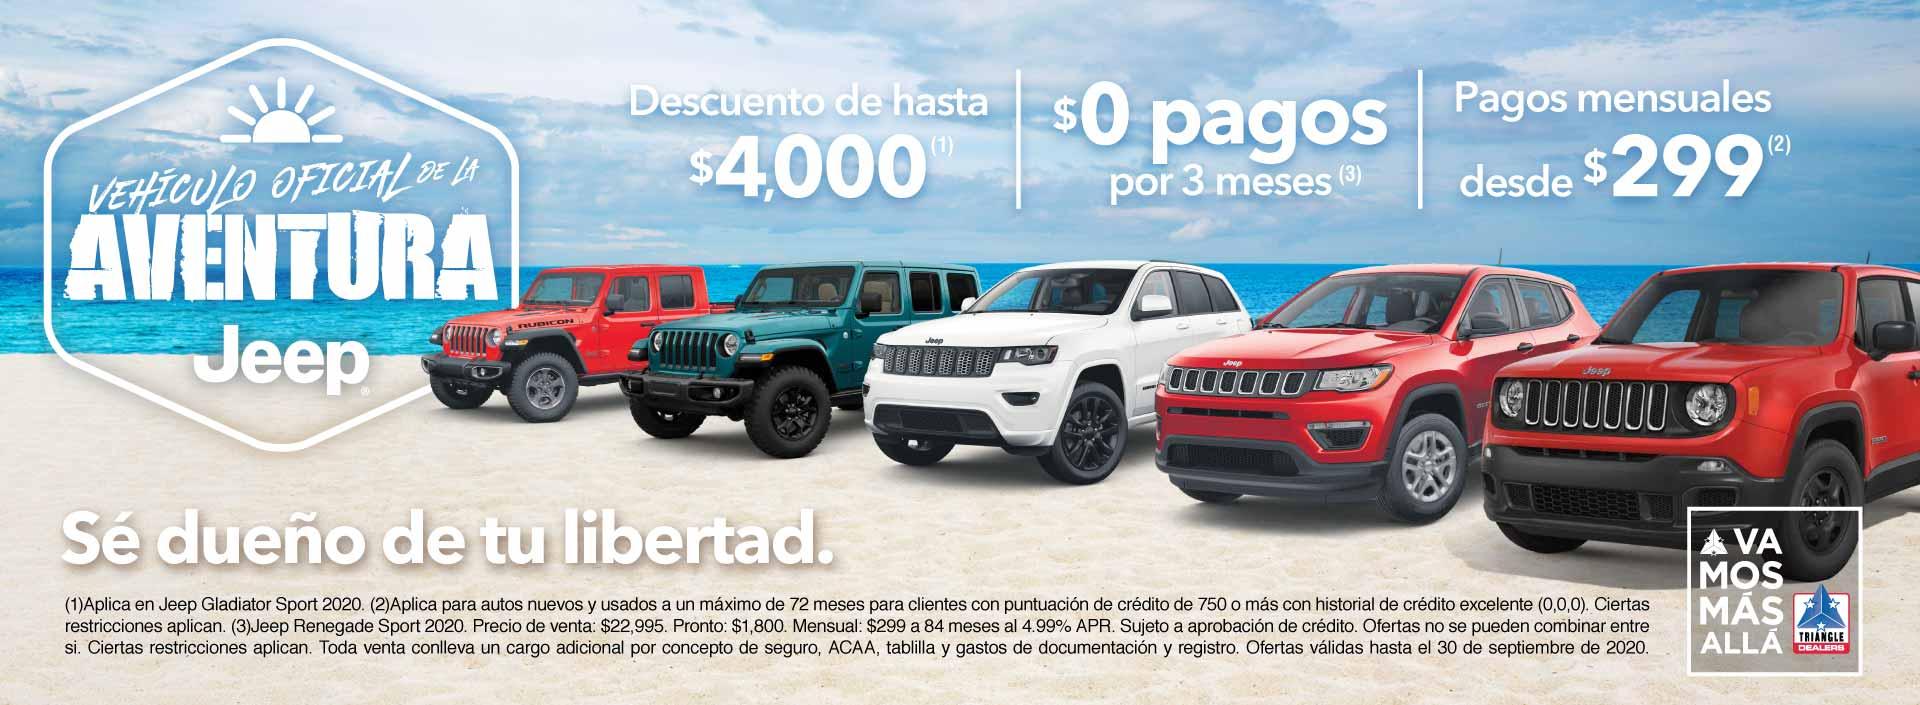 T.ChryslerOeste_Aventura_1920x705_Español
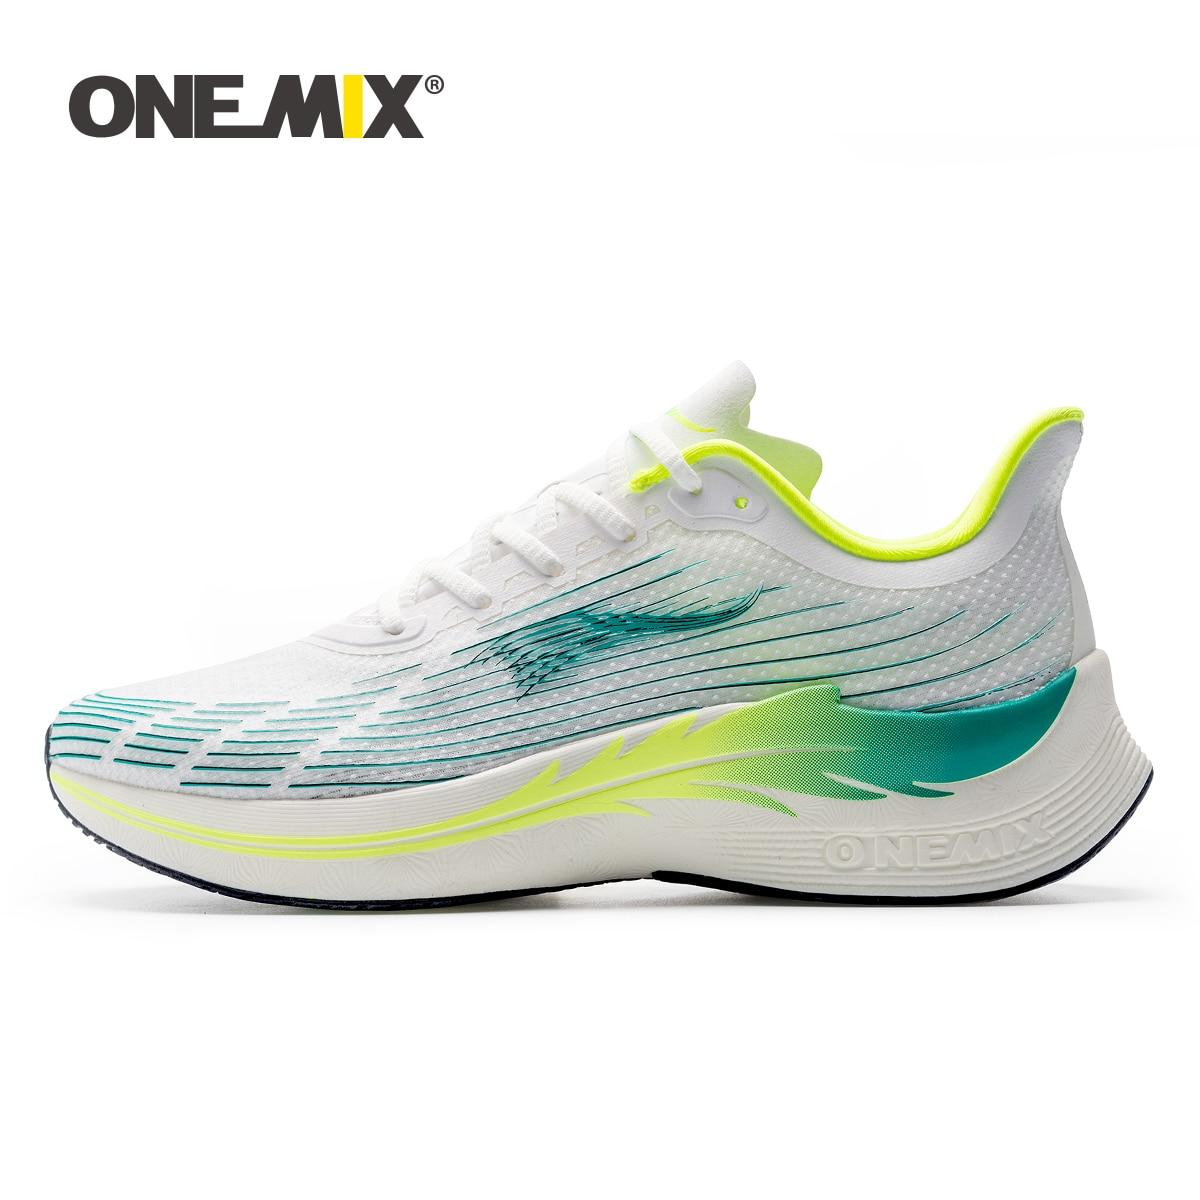 ONEMIX 2021 حذاء رياضي الرجال تنفس لوحة احذية الجري البرية عادية لينة الاتجاه الجديد أحذية مشي للذكور في الهواء الطلق أحذية رياضية
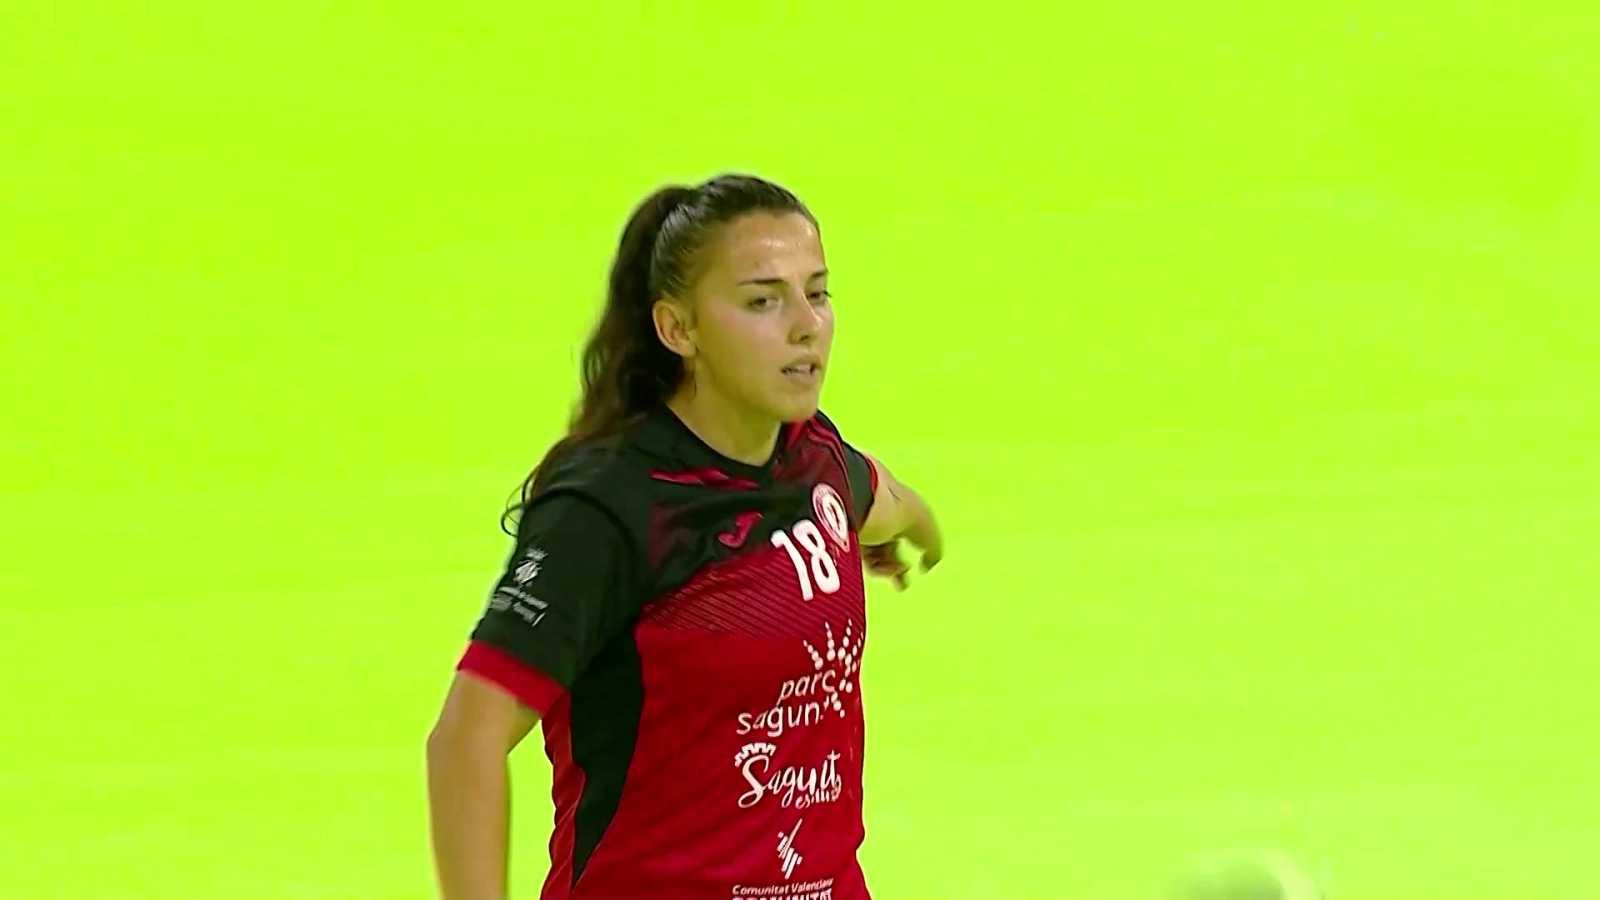 Balonmano - Liga Guerreras Iberdrola. 11ª jornada: Club Balonmano Morvedre - Liberbank Gijón - ver ahora
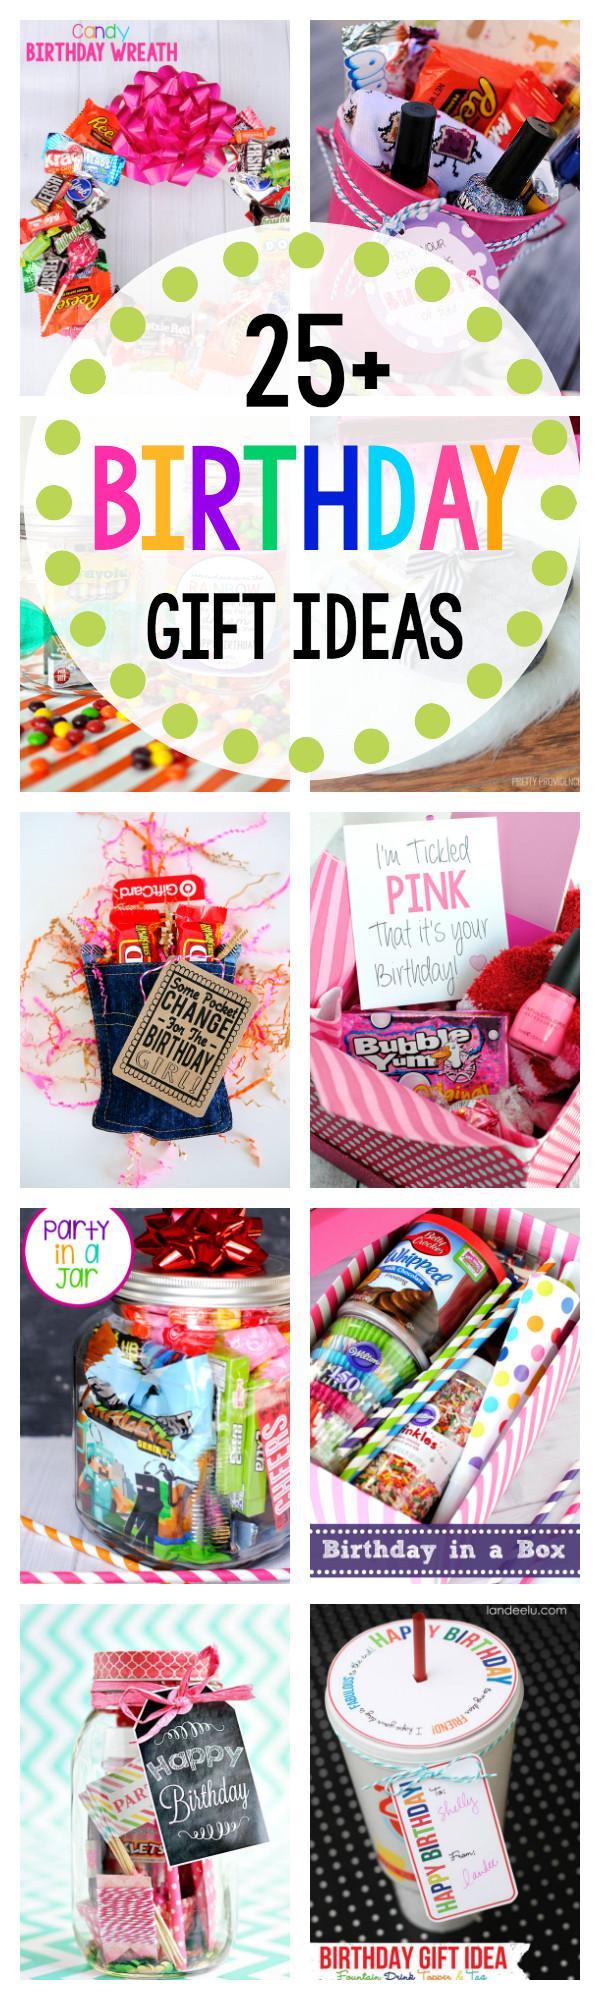 Anniversary Gift Ideas For Friends  Fun Birthday Gift Ideas for Friends Crazy Little Projects

Problem requirements: Each line from the one holding "Balonmano - Liga" through the end of the listing is to be output exactly, both ends included, with no other lines and the pictures left out.

Result of the task:
 Balonmano - Liga Guerreras Iberdrola. 11ª jornada: Club Balonmano Morvedre - Liberbank Gijón - ver ahora
 Anniversary Gift Ideas For Friends  Fun Birthday Gift Ideas for Friends Crazy Little Projects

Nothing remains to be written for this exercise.